Along with Prince and Hüsker Dü, The Replacements put Minneapolis on the rock map in the 1980s. Among America's greatest alternative acts of all-time, the 'Mats rose from chaotic noise-makers to polished craftsmen, leaving at least three unqualified masterpieces in their wake. In a perfect world, Let It Be, Tim, and Pleased To Meet Me would have all gone platinum - but then again, endearing imperfection was always a hallmark of this band's music.
The 'Mats formed in the wake of the punk explosion of the late 1970s. Their anarchic stage shows had earned them considerable notoriety in local clubs. Indie label Twin/Tone took note and signed the quartet, and their first album, Sorry Ma, Forgot To Take Out The Trash was issued in 1981. That record and the Stink EP that followed the next year were both pretty much standard-issue hardcore thrash. These early efforts careen wildly between competing tendencies toward indelible genius and drunken abandon, yet are essential just the same. With 1983's Hootenanny, however, audiences began to really take notice of the songs beneath all the sound and fury; "Color Me Impressed" had exactly that effect on discerning rock listeners.

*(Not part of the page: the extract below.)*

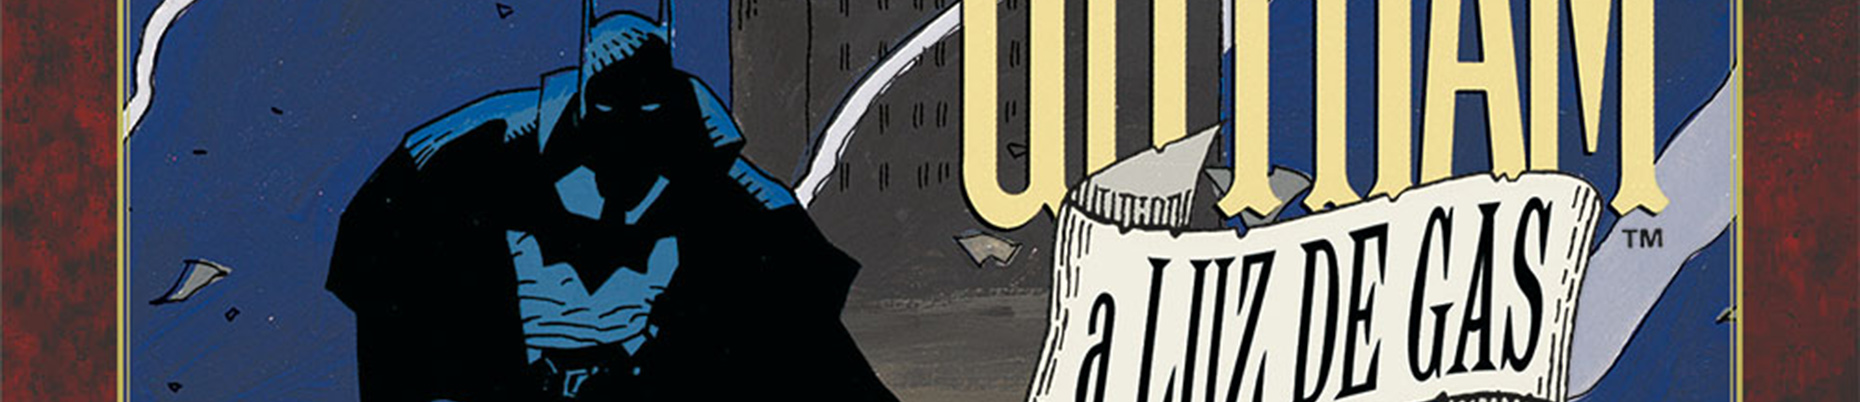 Review del cómic Batman: Gotham a luz de gas de Brian Augustyn - ECC  Ediciones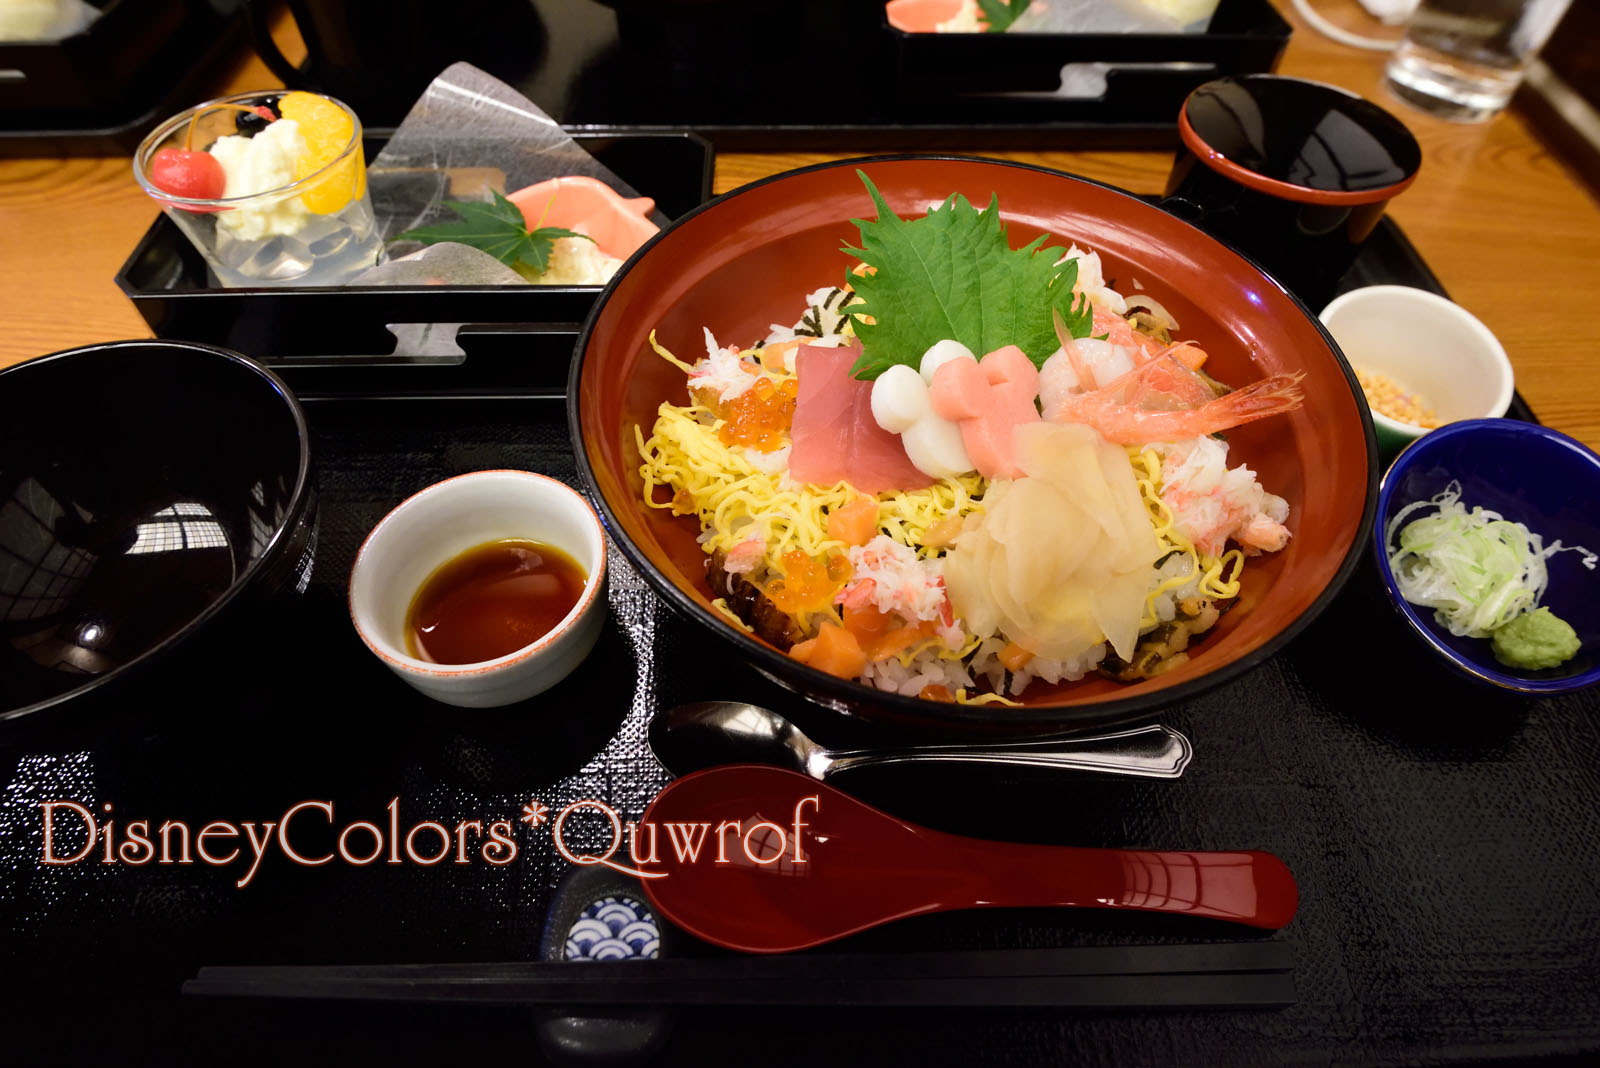 祭りちらし寿司はスーベニア箸付きで今年も超オススメ れすとらん北齋 03 Disney Colors Blog

By 1984's Let It Be, The Replacements' exponential growth as musicians – and most particularly, Paul Westerberg's growth as a writer – was undeniable. Let It Be boasts the epic foursome of "I Will Dare," "Favorite Thing," "Unsatisfied," and "Answering Machine" alongside the Kiss cover ("Black Diamond") and a tribute to Ted Nugent ("Gary's Got a Boner"). The album topped critic's polls across the country and earned the group a place on the roster at Sire Records.